Alabama doctor on COVID-19 treatment: ‘I wouldn’t be able to look myself in the mirror if I ran away’ – Community News

Alabama doctor on COVID-19 treatment: ‘I wouldn’t be able to look myself in the mirror if I ran away’

This story is part of“21 Alabamians Who Made a Difference in 2021,” highlighting people who made our state a better place to live this year. Stories in this series will be published every day from December 5 to December 31. Find all stories in the series as they publish here, and read about the Alabamans who made a difference in 2020 by clicking here.

Montgomery-based pulmonologist Dr. David Thrasher saw the potential for monoclonal antibody treatment early in the pandemic.

When Alabama’s first known COVID-19 patients were hospitalized, several were transferred to Thrasher’s care. An 87-year-old male patient appeared to be on the brink of death. Thrasher offered the man a monoclonal antibody infusion, at the time a COVID-19 treatment with many unknowns.

“He hadn’t been out of bed in three days. He looked like he could turn around and die. I said, ‘Oh my god, I’m going to give the first dose of this thing, and I’m going to kill this man,’ Thrasher said.

Days later, Dr. Thrasher the man’s wife to see how he was doing.

“She said, ‘Yeah, he’s chopping wood outside,’ and I said, ‘Hey,’ so that got my attention.”

The treatment, which Thrasher has heralded as the “answer” to state hospitalizations from COVID-19, is being given as both an IV and an injection. It is a synthetic protein that helps the body build immunity against COVID-19 and is highly effective in preventing death from COVID-19.

Since 2020, Dr. Thrasher worked tirelessly with public health officials, politicians and doctors to push monoclonal antibodies across Alabama, save thousands of lives during the pandemic and prevent a worse crisis for Alabama’s hospitals, already overwhelmed during the recent Delta wave.

“As I’ve often told people, ‘Call me, call me at night. Text me,’ he said. ‘Don’t wait for you to collapse. Don’t try to harden it. That’s how you’ll die,’ he said.

Thanks in part to Thrasher’s advocacy and expertise, the state has established a network of monoclonal antibody infusion centers and armed physicians nationwide with antibody injection supplies, which, according to Thrasher, has led to more than 105,000 monoclonal antibody treatments statewide.

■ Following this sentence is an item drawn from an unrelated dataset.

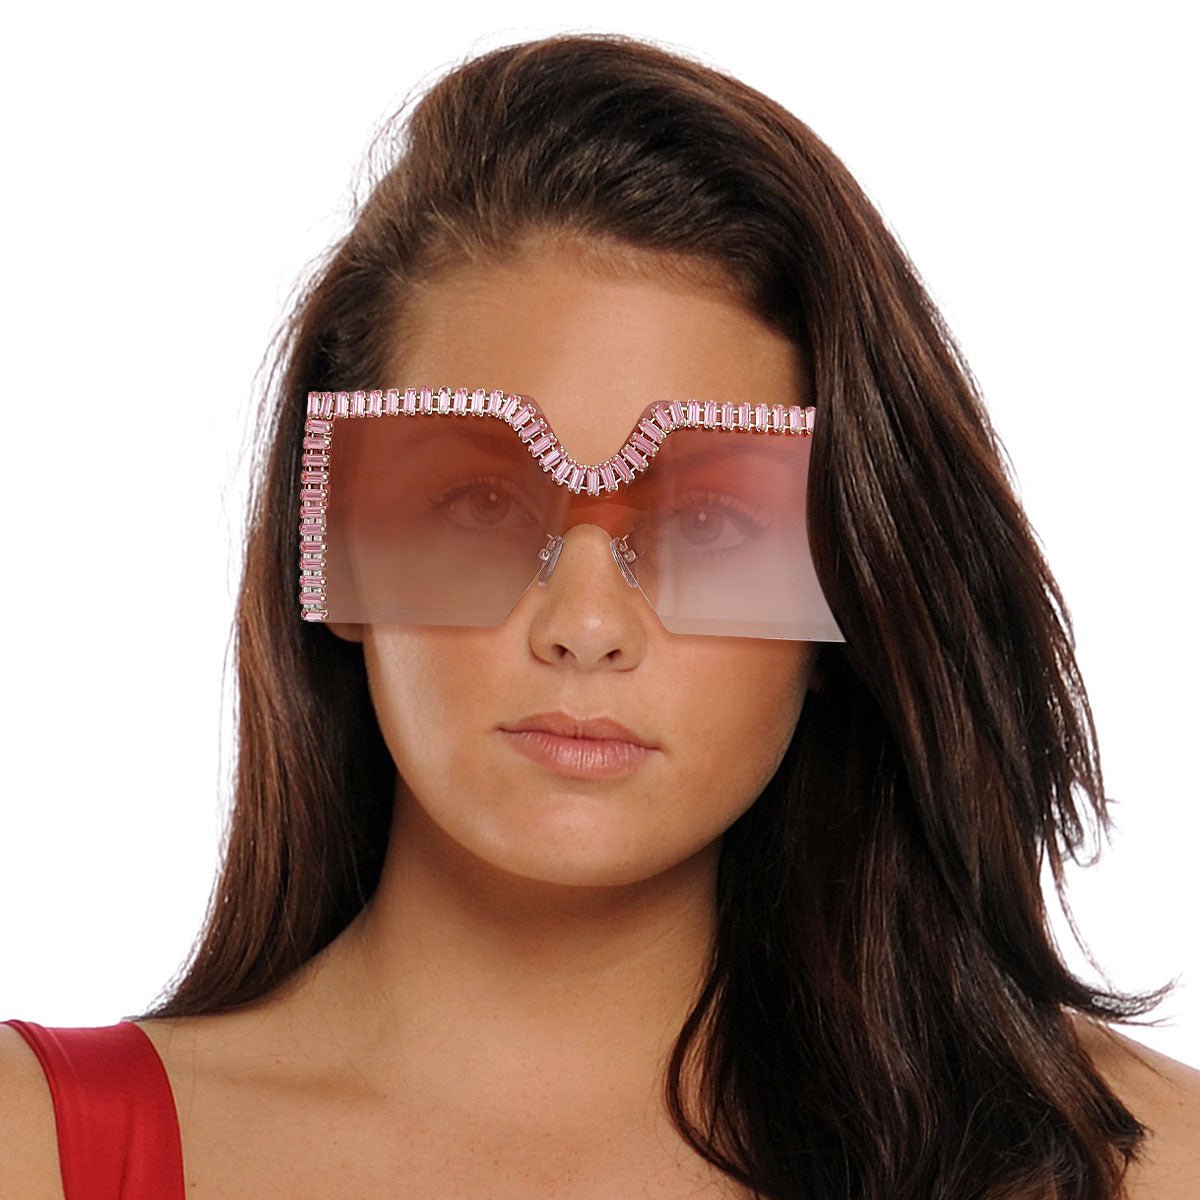 Pink Baguette Stone Square Sunglasses

Thrasher received awards from Governor Kay Ivey and Auburn University for his leadership role. In addition to educating Alabamians about monoclonal antibodies and the dangers of steroid treatments during certain periods of time in the course of the disease. During the pandemic, he volunteered to raise money for personal protective equipment and meals for hospital staff, and advised cities, businesses and schools on the dangers of COVID-19.

“It’s brought out the best in people, the health care workers, the nurses, respiratory therapists, they work so hard,” he said. “I can’t brag enough about them.”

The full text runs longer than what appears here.